**WHAT IS NEEDED**
Each line of the listing must be transcribed exactly, except for the images, which should be excluded.

**PROVIDED MATERIAL**
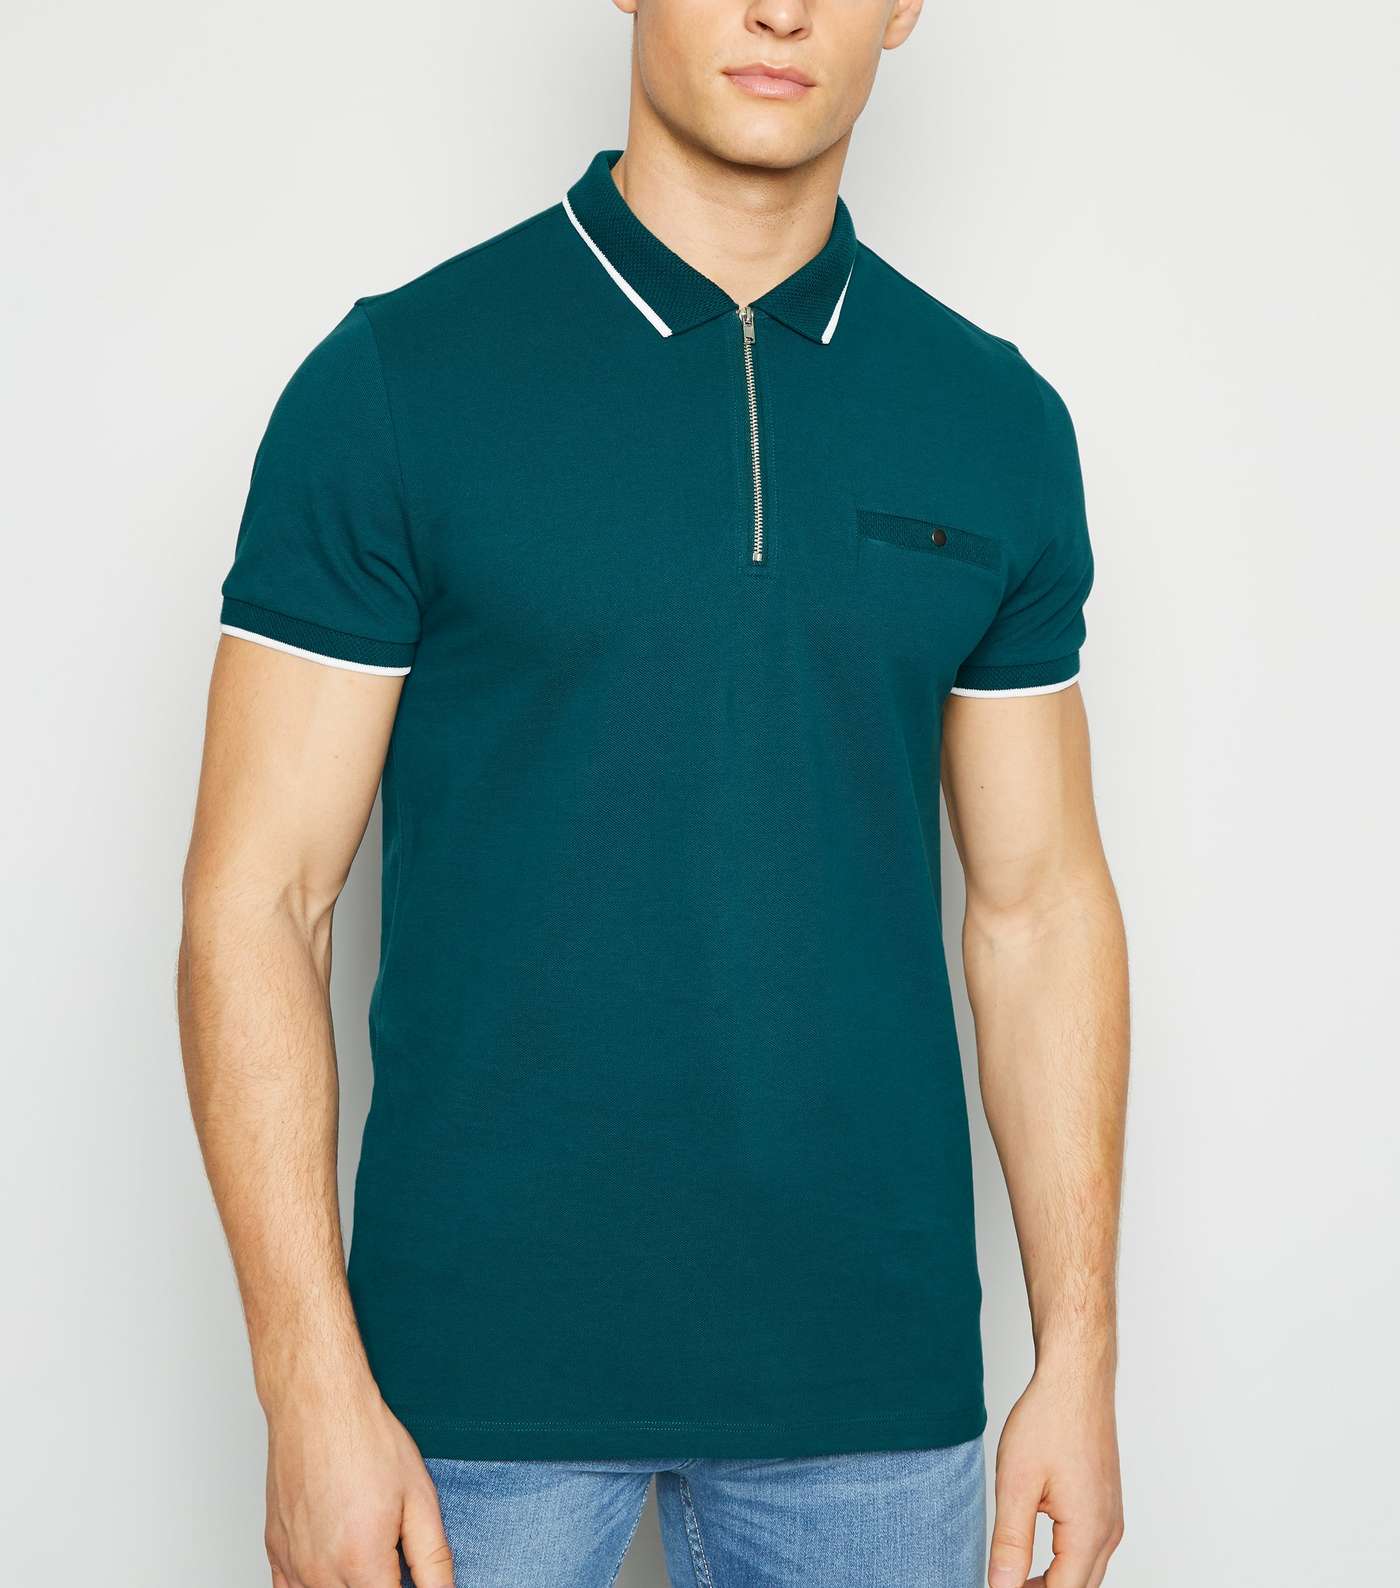 Teal Tipped Zip Front Polo Shirt
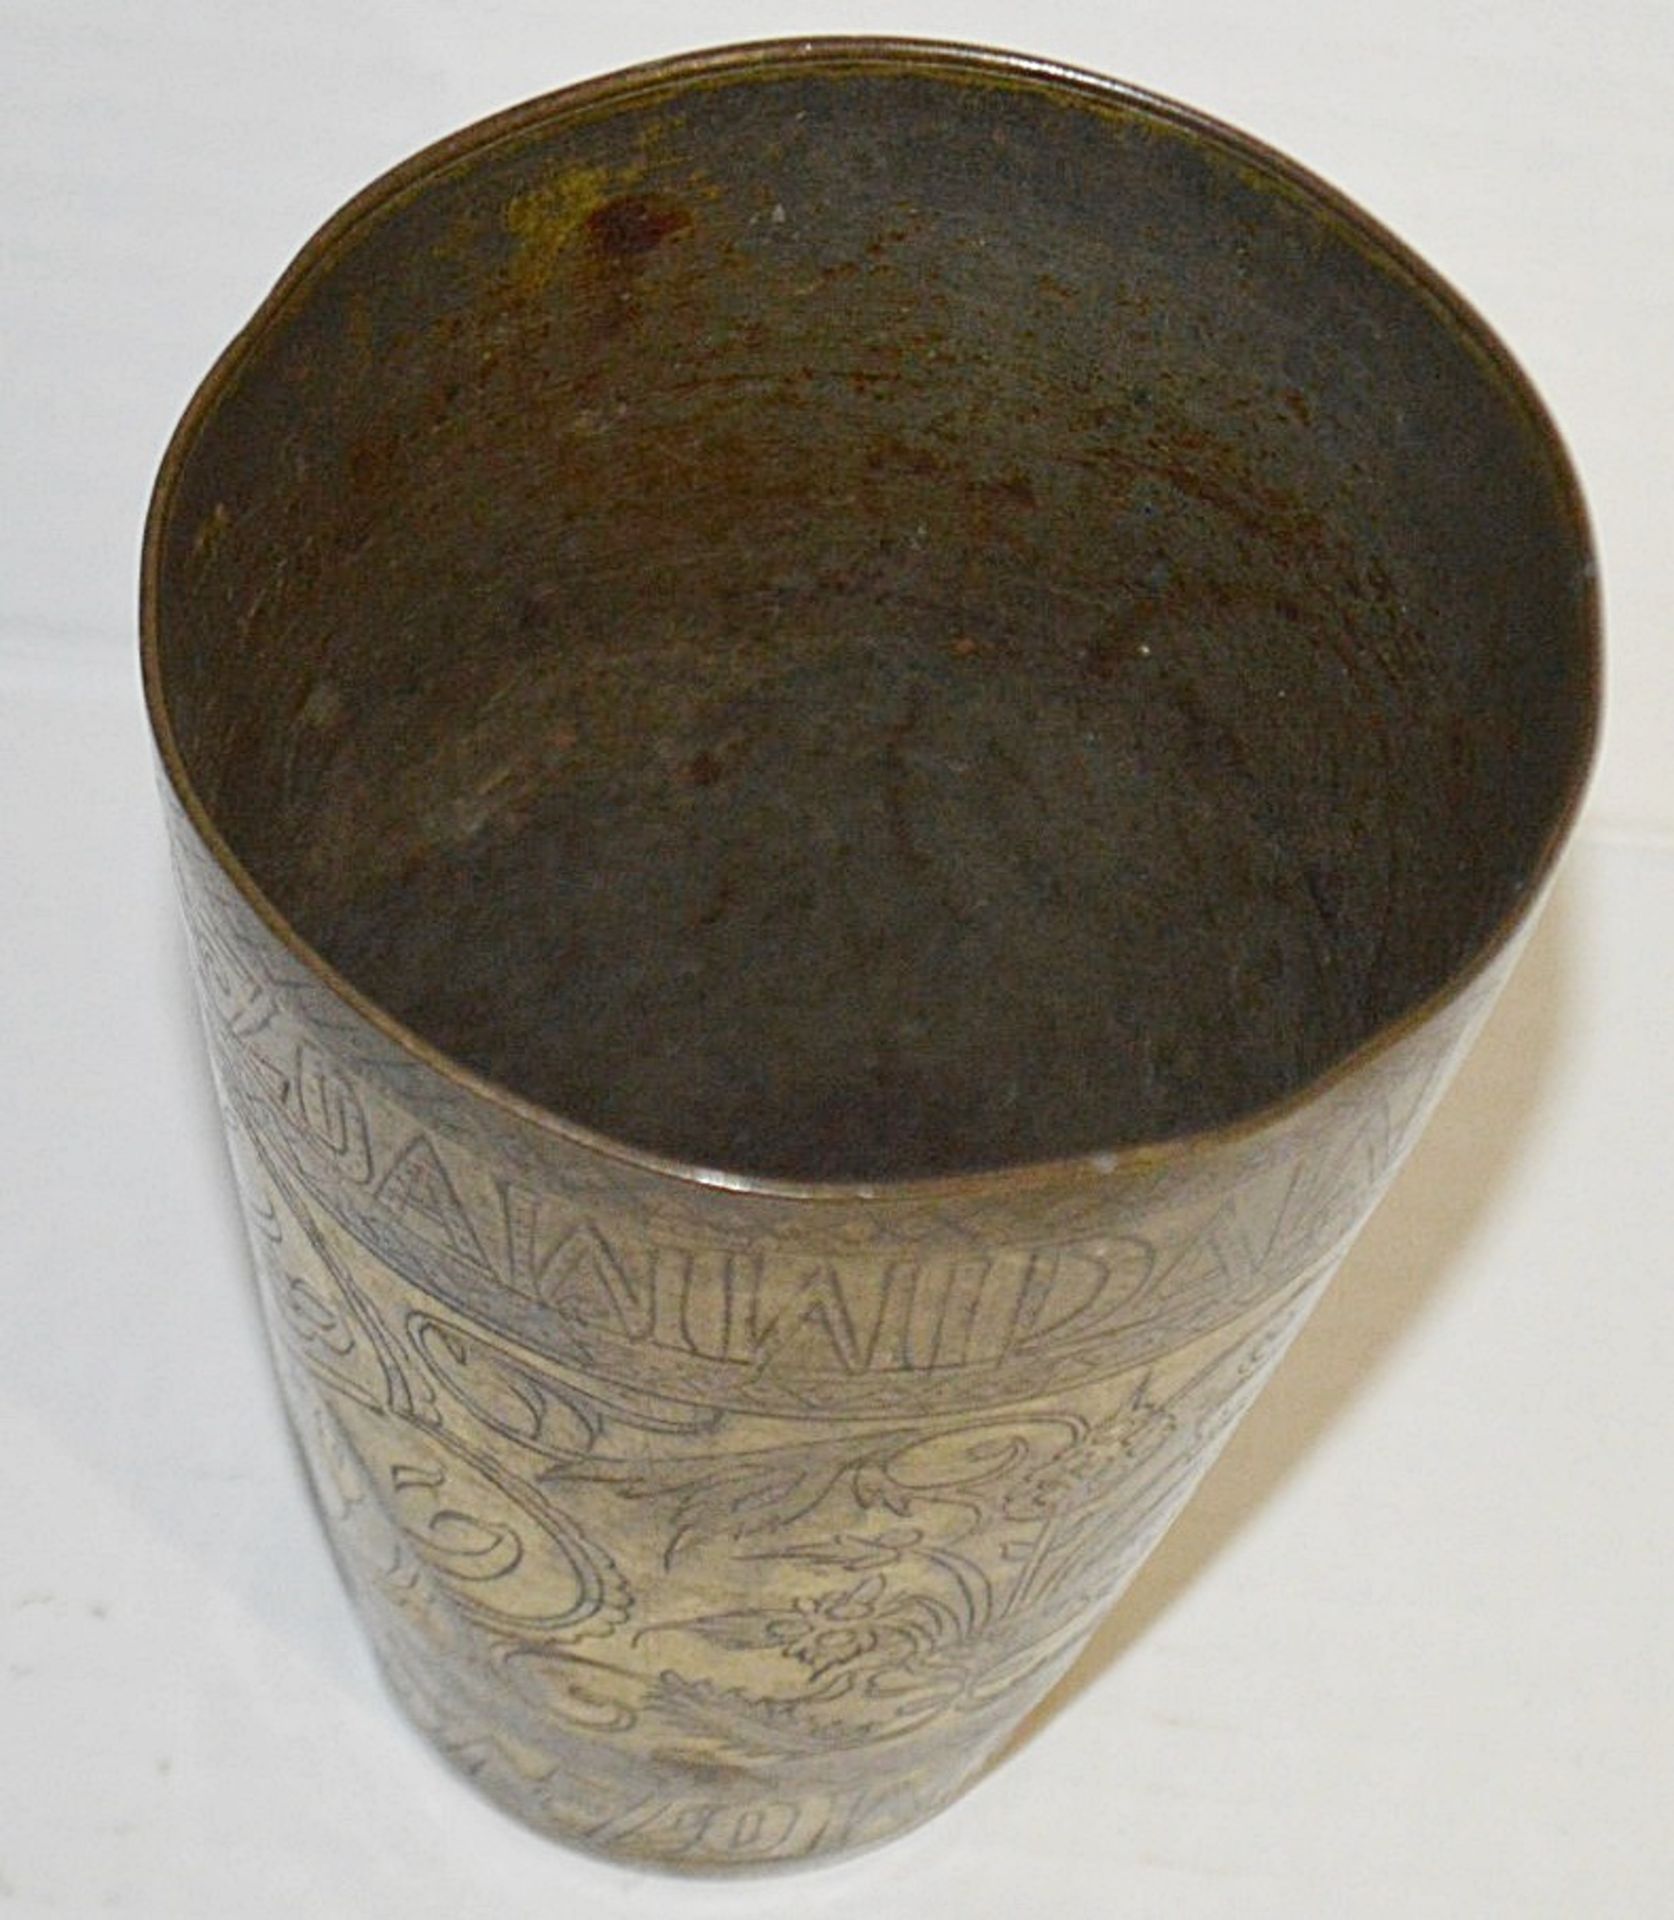 1 x Persian Gilded Tinner Beaker - Decorated With Floral Design And Scripture - Height: 14.5cm (5. - Image 5 of 6
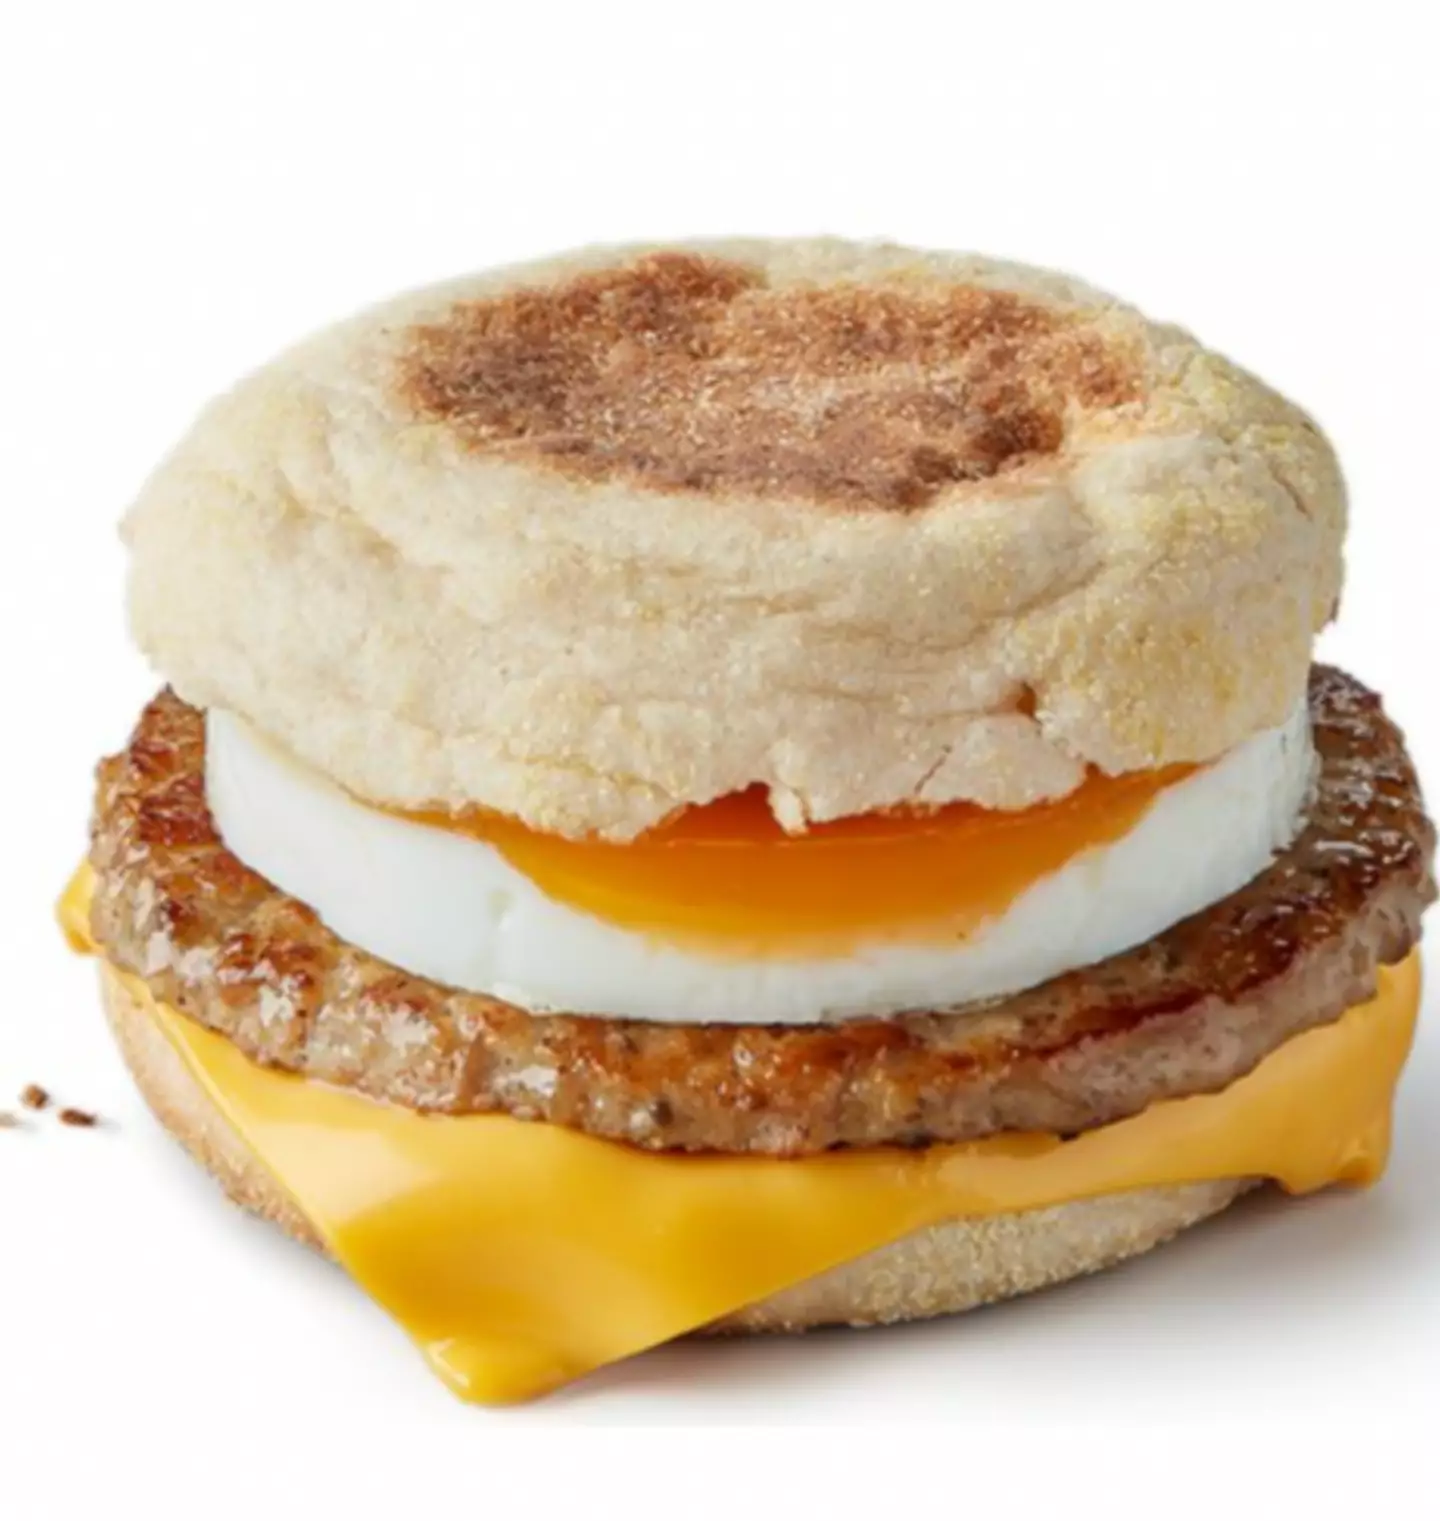 Would you want Maccies to serve breakfast all day?

**REPLY**
 Teal Tipped Zip Front Polo Shirt
 1 x Persian Gilded Tinner Beaker - Decorated With Floral Design And Scripture - Height: 14.5cm (5. - Image 5 of 6
 Would you want Maccies to serve breakfast all day?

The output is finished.